EXERCISE REQUIREMENTS = Under this line are records; the part from the line containing "Støvle fra Tamaris" through the line containing "Doucal's Horse Calfskin" should be repeated exactly. Please exclude pictures.

EXCERPTED RECORDS =
┄┄┄┄┄┄┄┄┄┄┄┄┄┄┄┄┄┄┄┄

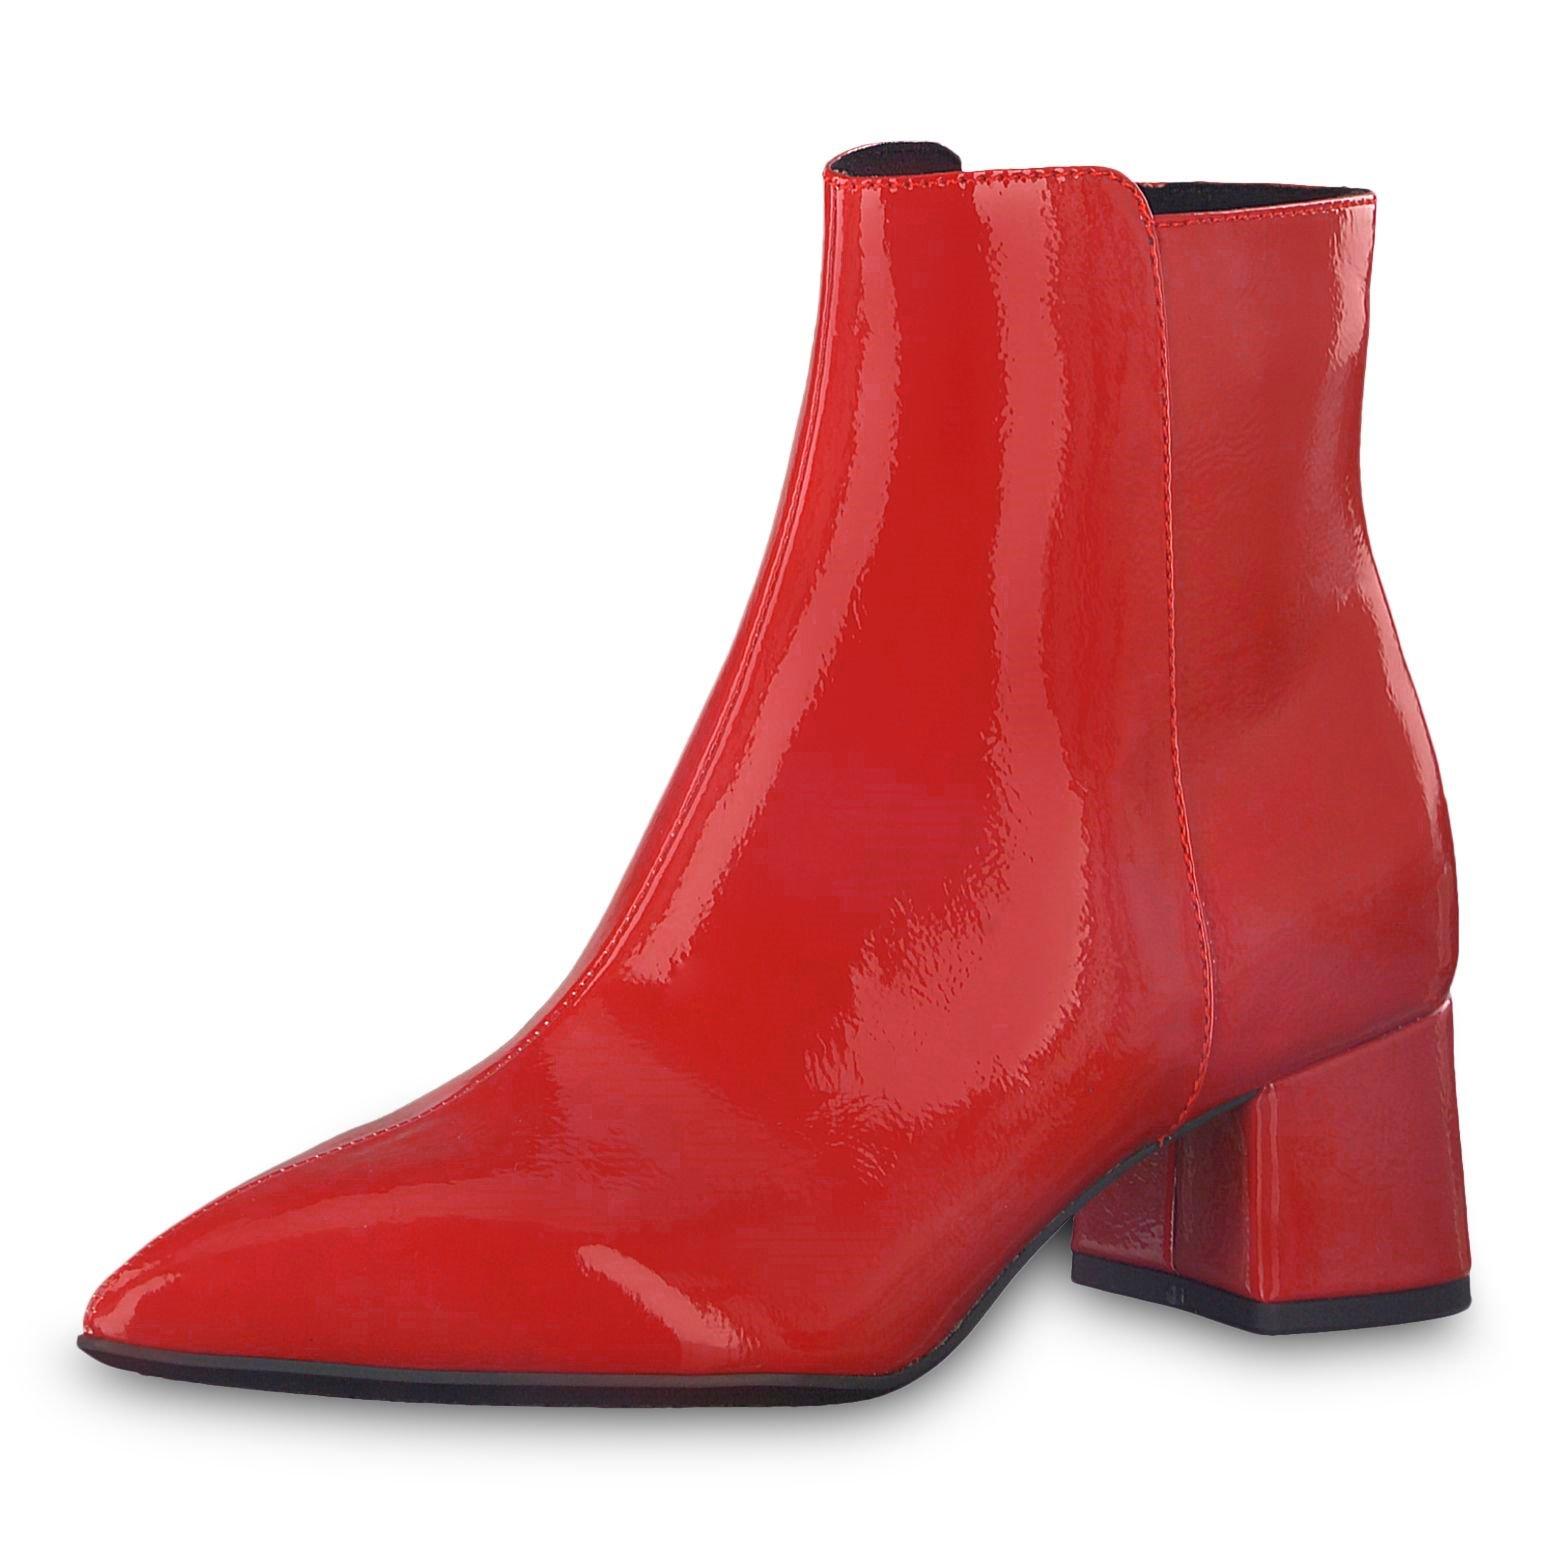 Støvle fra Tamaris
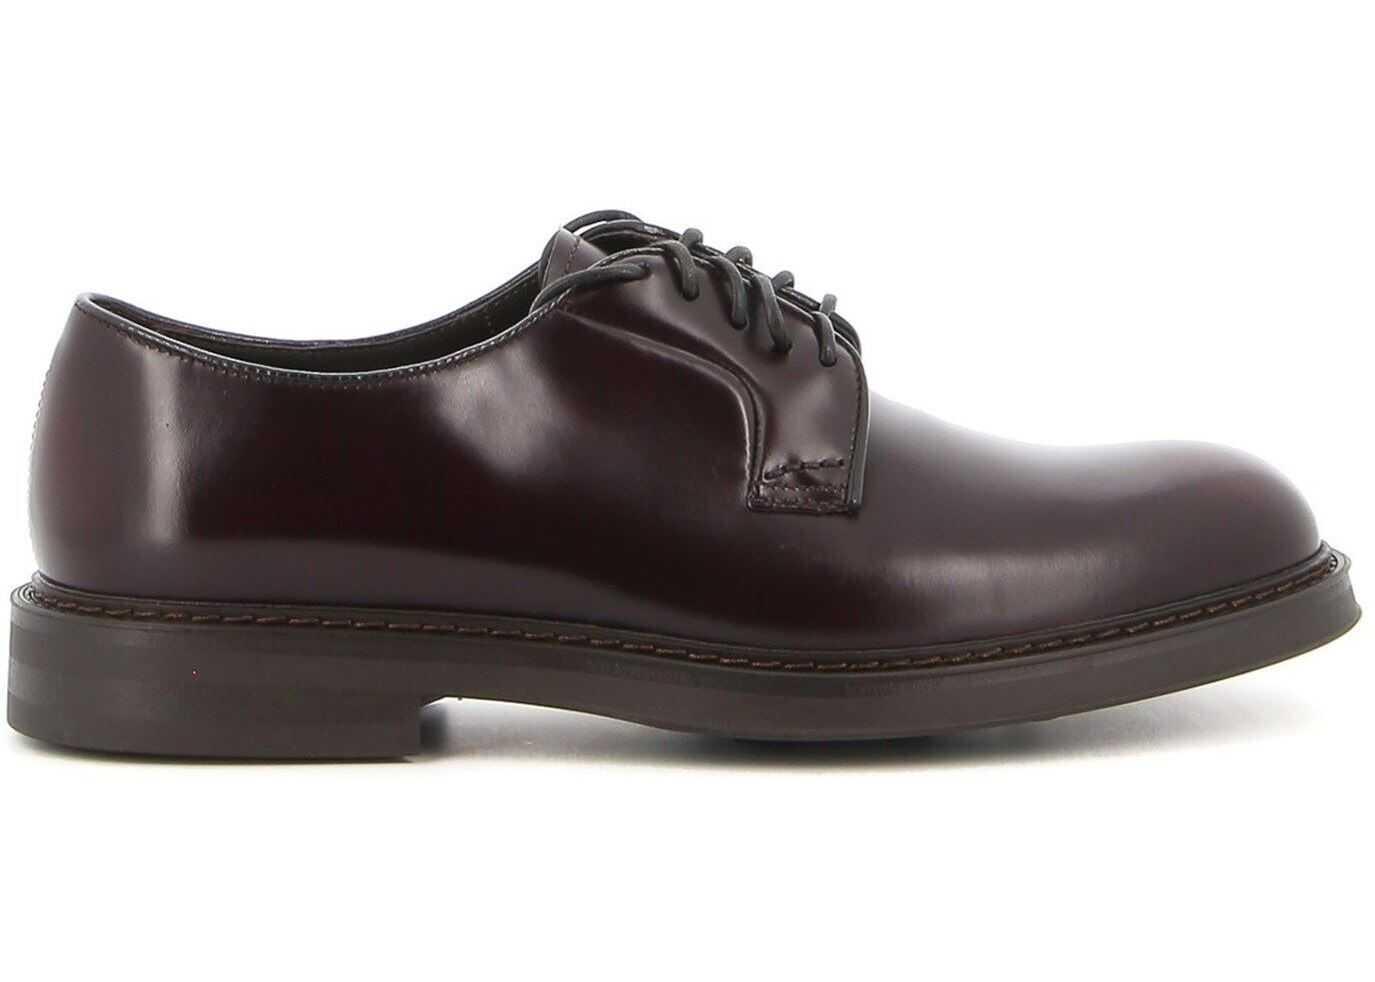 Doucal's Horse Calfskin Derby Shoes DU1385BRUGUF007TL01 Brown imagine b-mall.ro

┄┄┄┄┄┄┄┄┄┄┄┄┄┄┄┄┄┄┄┄

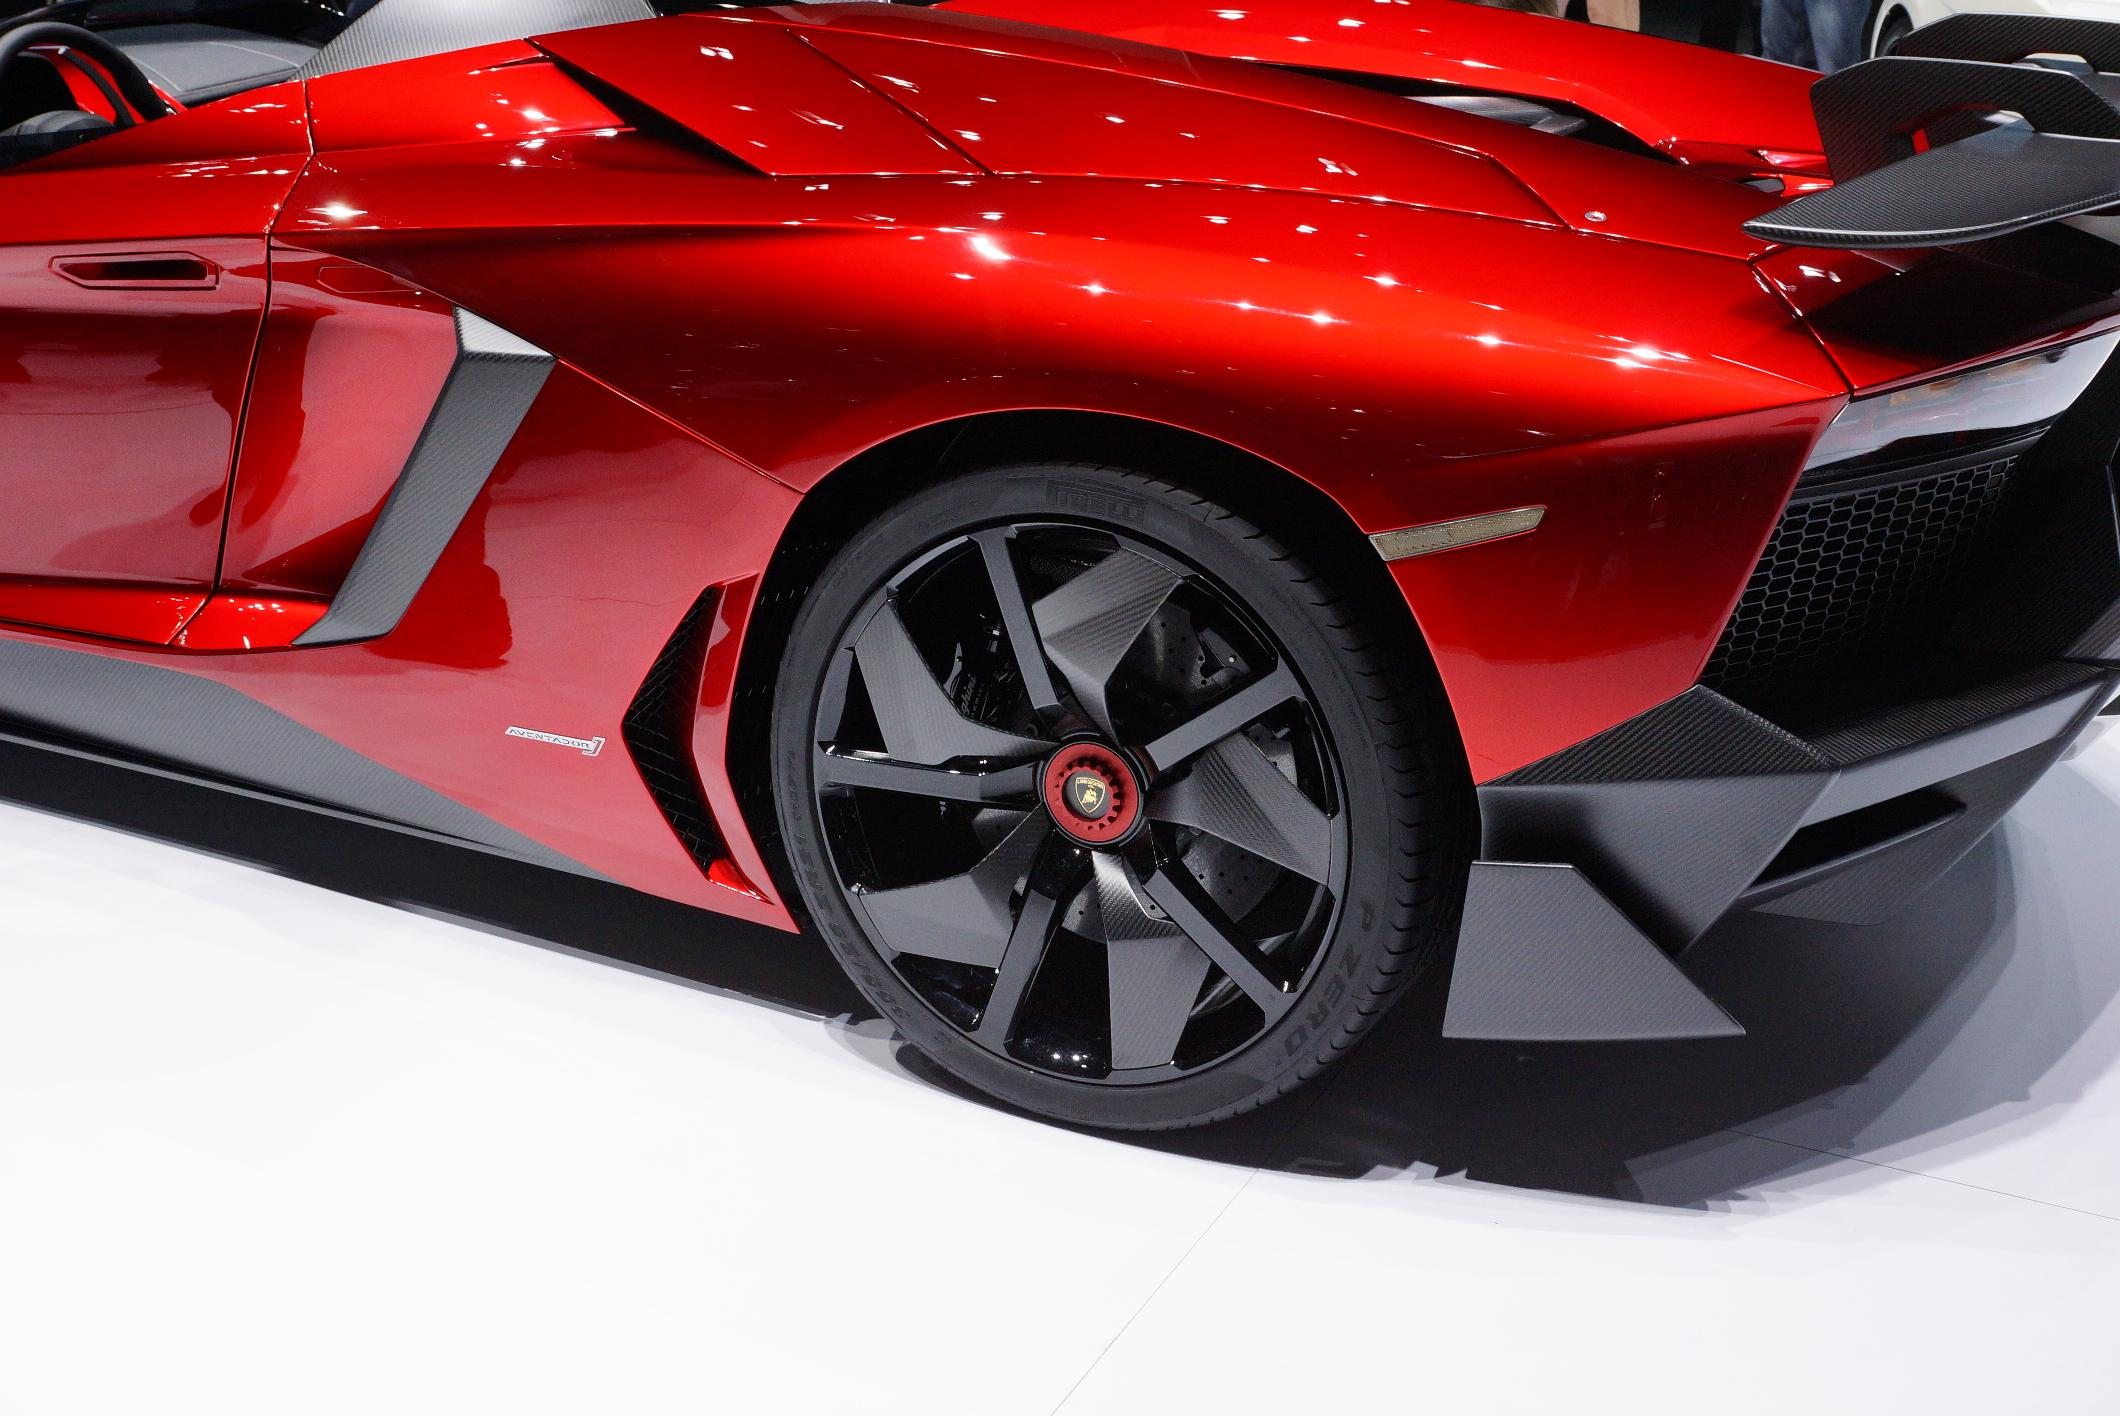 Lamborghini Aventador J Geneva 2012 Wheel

┄┄┄┄┄┄┄┄┄┄┄┄┄┄┄┄┄┄┄┄

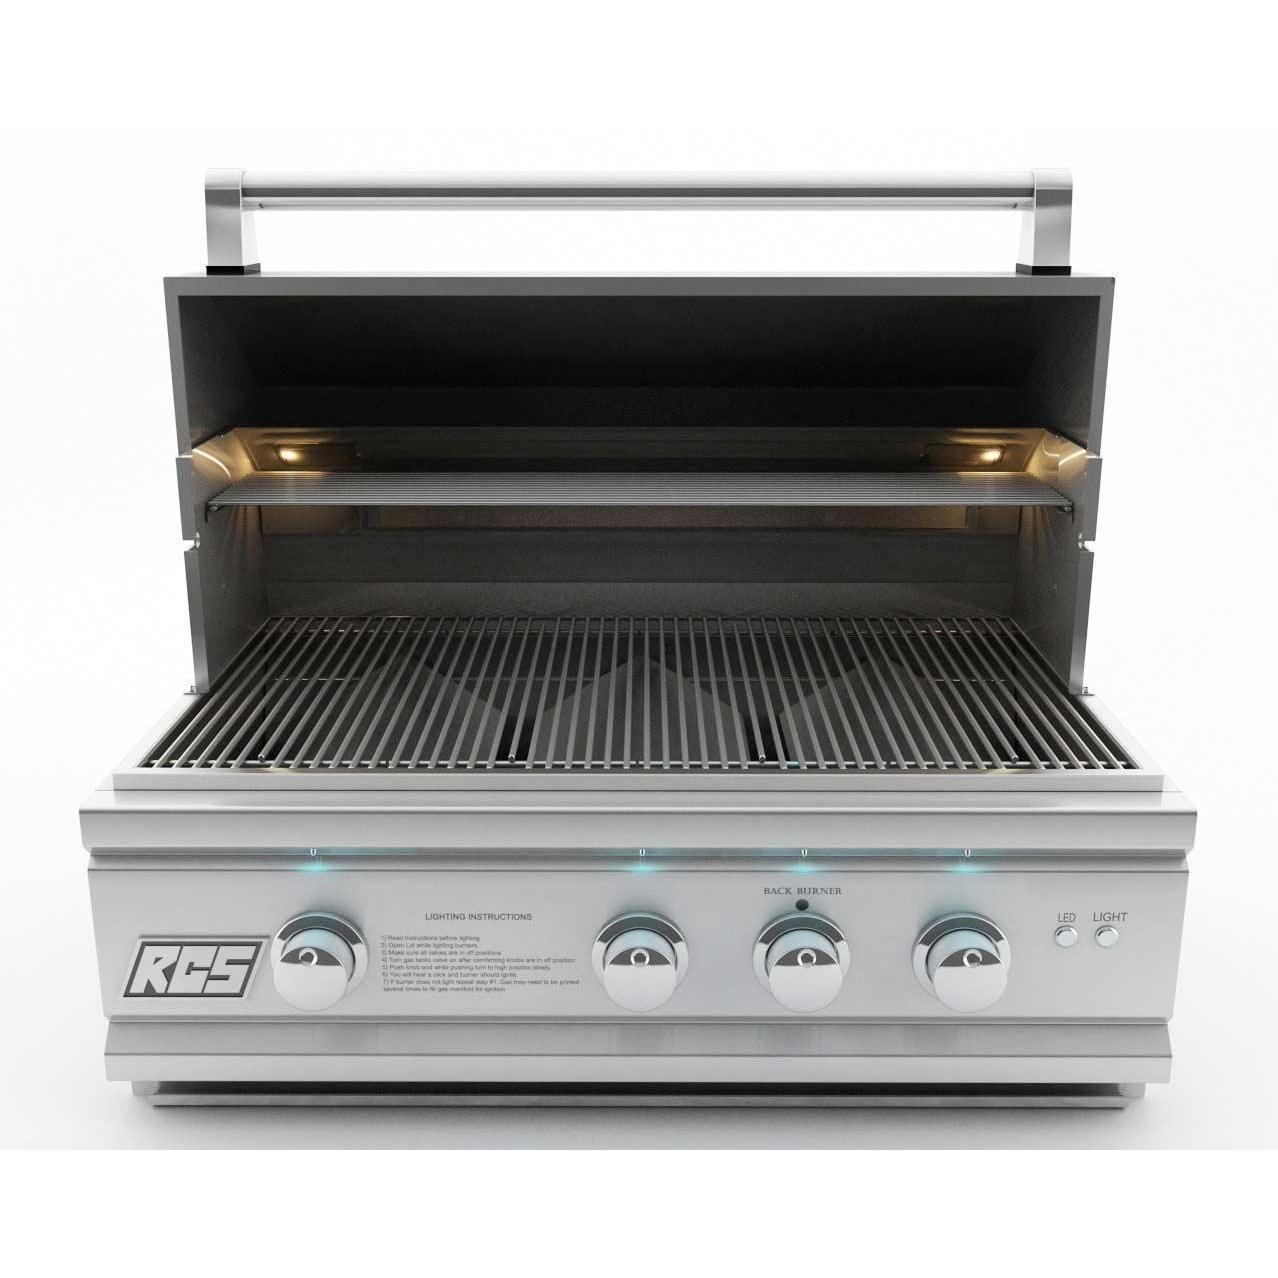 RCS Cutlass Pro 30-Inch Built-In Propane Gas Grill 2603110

┄┄┄┄┄┄┄┄┄┄┄┄┄┄┄┄┄┄┄┄

WRITTEN ANSWER =
 Støvle fra Tamaris
 Doucal's Horse Calfskin Derby Shoes DU1385BRUGUF007TL01 Brown imagine b-mall.ro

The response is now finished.